GRASS logo

NAME

v.class.mlpy - Vector supervised classification tool which uses attributes as classification parametres (order of columns matters, names not), cat column identifies feature, class_column is excluded from classification parametres.

KEYWORDS

vector, classification, supervised, machine learning

SYNOPSIS

v.class.mlpy
v.class.mlpy --help
v.class.mlpy input=name training=name [class_column=string] [columns=string[,string,...]] [--help] [--verbose] [--quiet] [--ui]

Flags:

--help
Print usage summary
--verbose
Verbose module output
--quiet
Quiet module output
--ui
Force launching GUI dialog

Parameters:

input=name [required]
Name of vector map
Input vector map (attribut table required)
training=name [required]
Name of vector map
Training vector map (attribut table required)
class_column=string
Name of column containing class
Used for both input/output and training dataset. If column does not exists in input map attribute table, it will be created.
Default: class
columns=string[,string,...]
Columns to be used in classification
Columns to be used in classification. If left empty, all columns will be used for classification except for class_column and cat column.

Table of contents

DESCRIPTION

The v.class.mlpy module is a tool for supervised vector classification. It is built on top of the Python mlpy library [Albanese2012]. The classification is based on attribute values. The geometry is not taken into account, so the module does not depend on the feature types used in the map. The classification is supervised, so the training dataset is always required.

The attribute table of training map (dataset) has to contain a column with the class. Required type of class column is integer. Expected type of other columns is double or integer.

NOTES

This module requires the user to have mlpy library installed. However, this is not an issue because mlpy library is free and open source and can be quickly downloaded and installed.
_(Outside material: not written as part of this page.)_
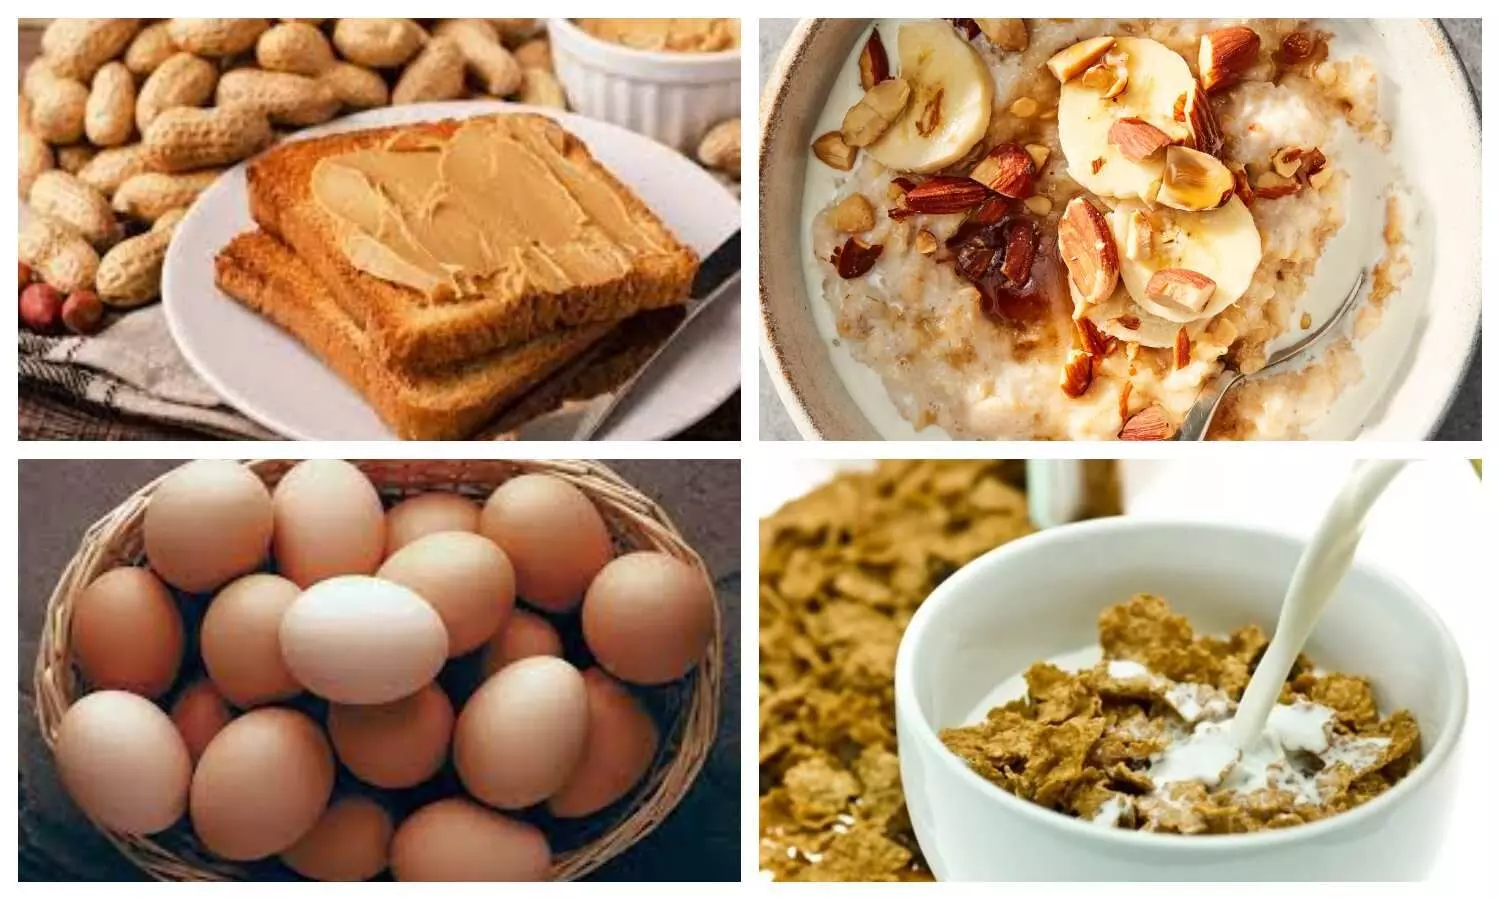 Tips for a Healthy Breakfast
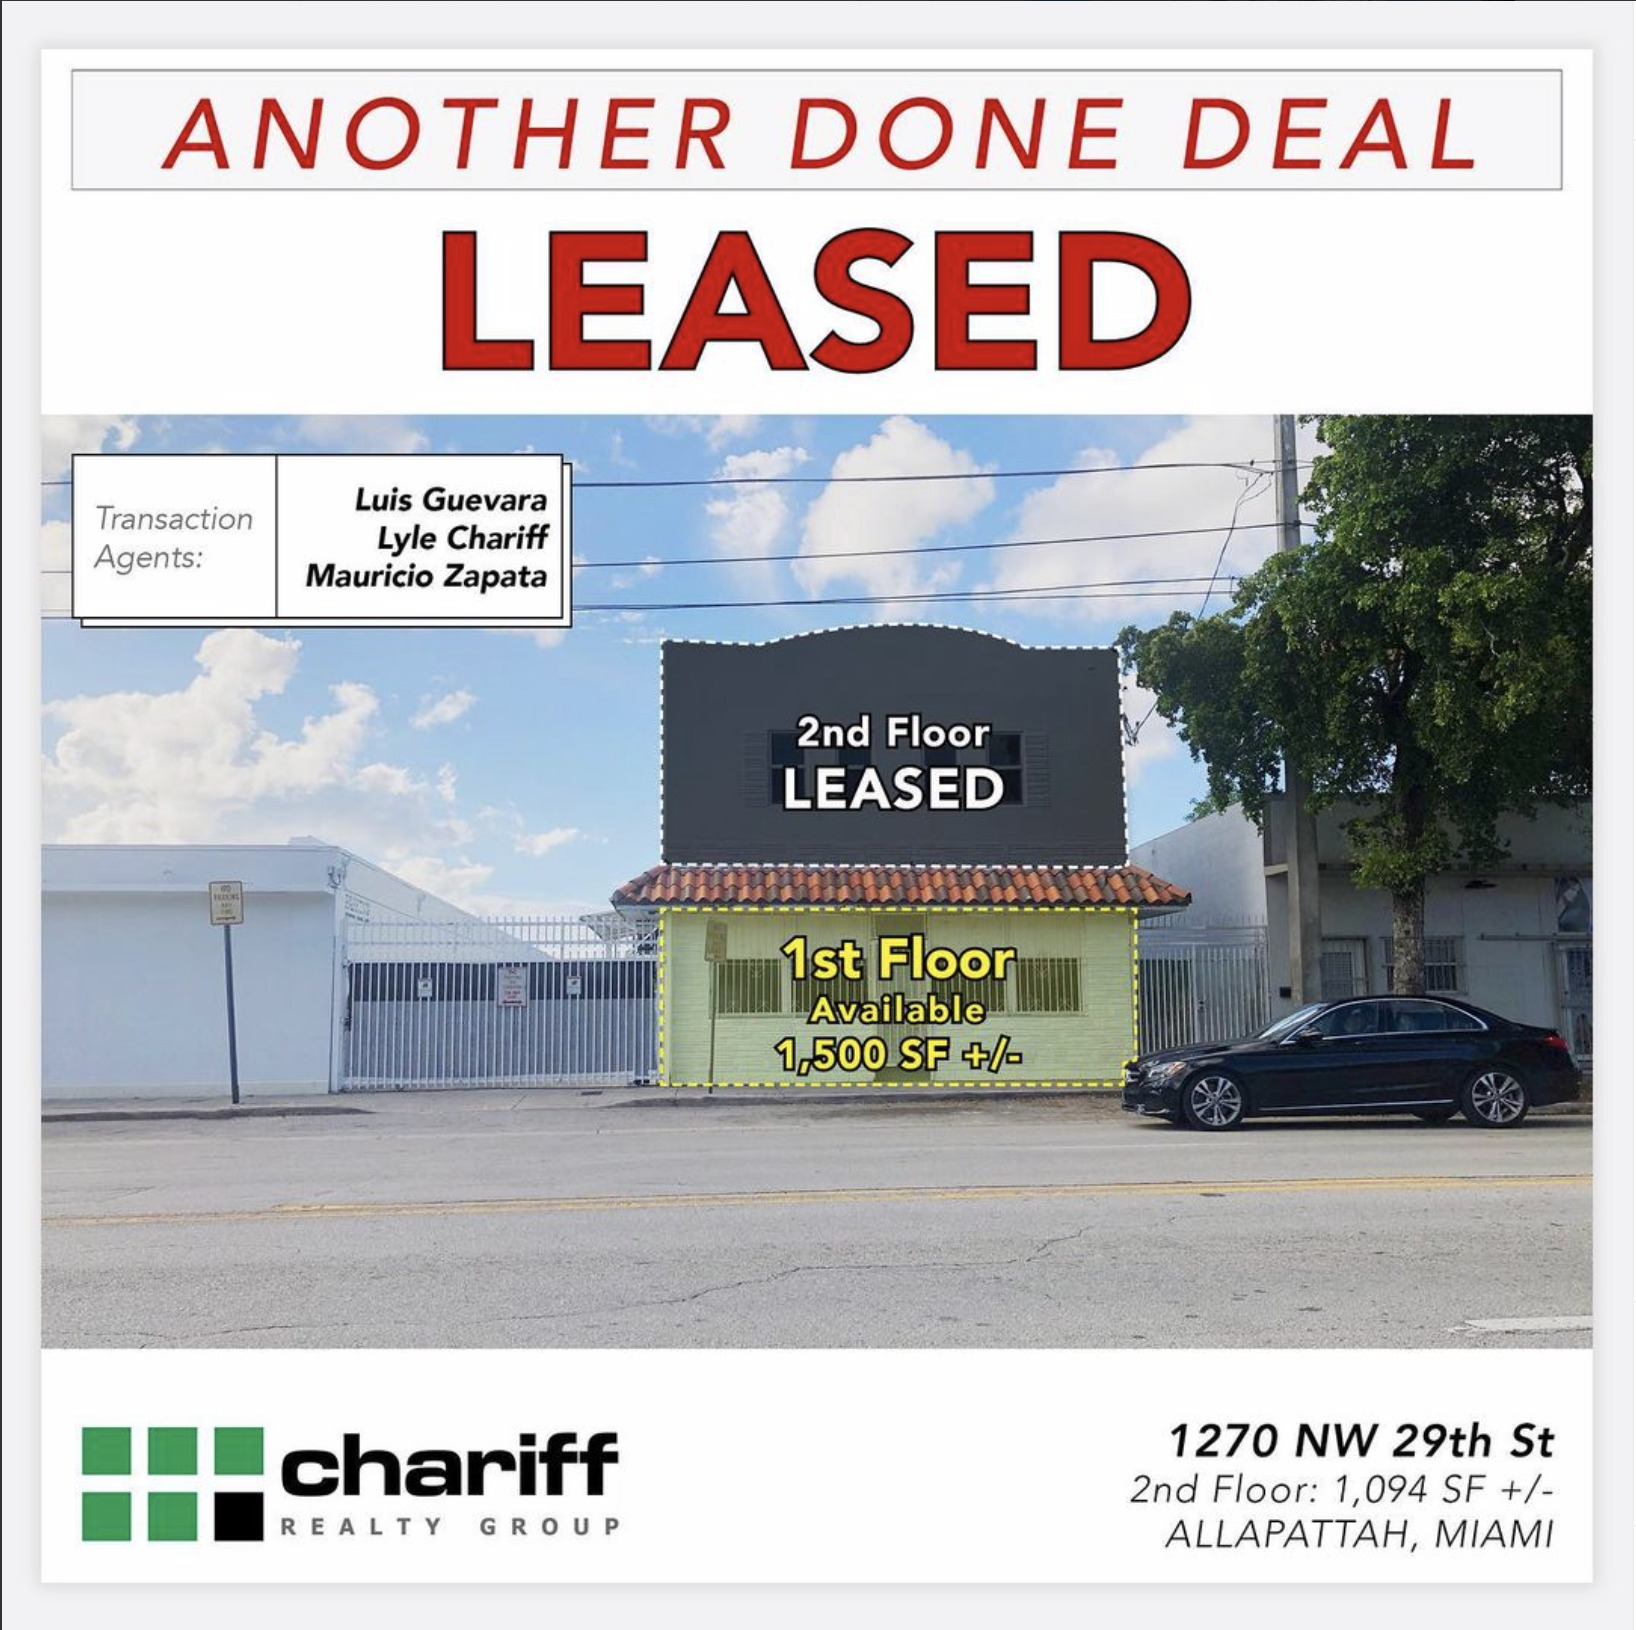 1270 NW 13th Ave - Another done deal: Leased - allapattah - miami - florida - 33142 chariff realty group

Furthermore, library is available for all major platforms supported by GRASS GIS. You find mlpy download and installation instructions at the official mlpy website (http://mlpy.sourceforge.net/).

EXAMPLE

This is an example in a North Carolina sample dataset. It uses several raster maps and generates (spatially) random vector data for classification from raster maps. The random data used as input to the classification and represent training dataset and dataset to be classified in the real use case.

Two sets of random points are generated containing 100 and 1000 points. Then, an attribute table is created for both maps and attributes are derived from digital values of raster maps (Landsat images) at points locations. These attribute table columns are input to the classification. The smaller dataset is used as training dataset. Classes are taken from the raster map which is a part of the sample dataset as an example result of some former classification. The number of classes in training dataset is 6.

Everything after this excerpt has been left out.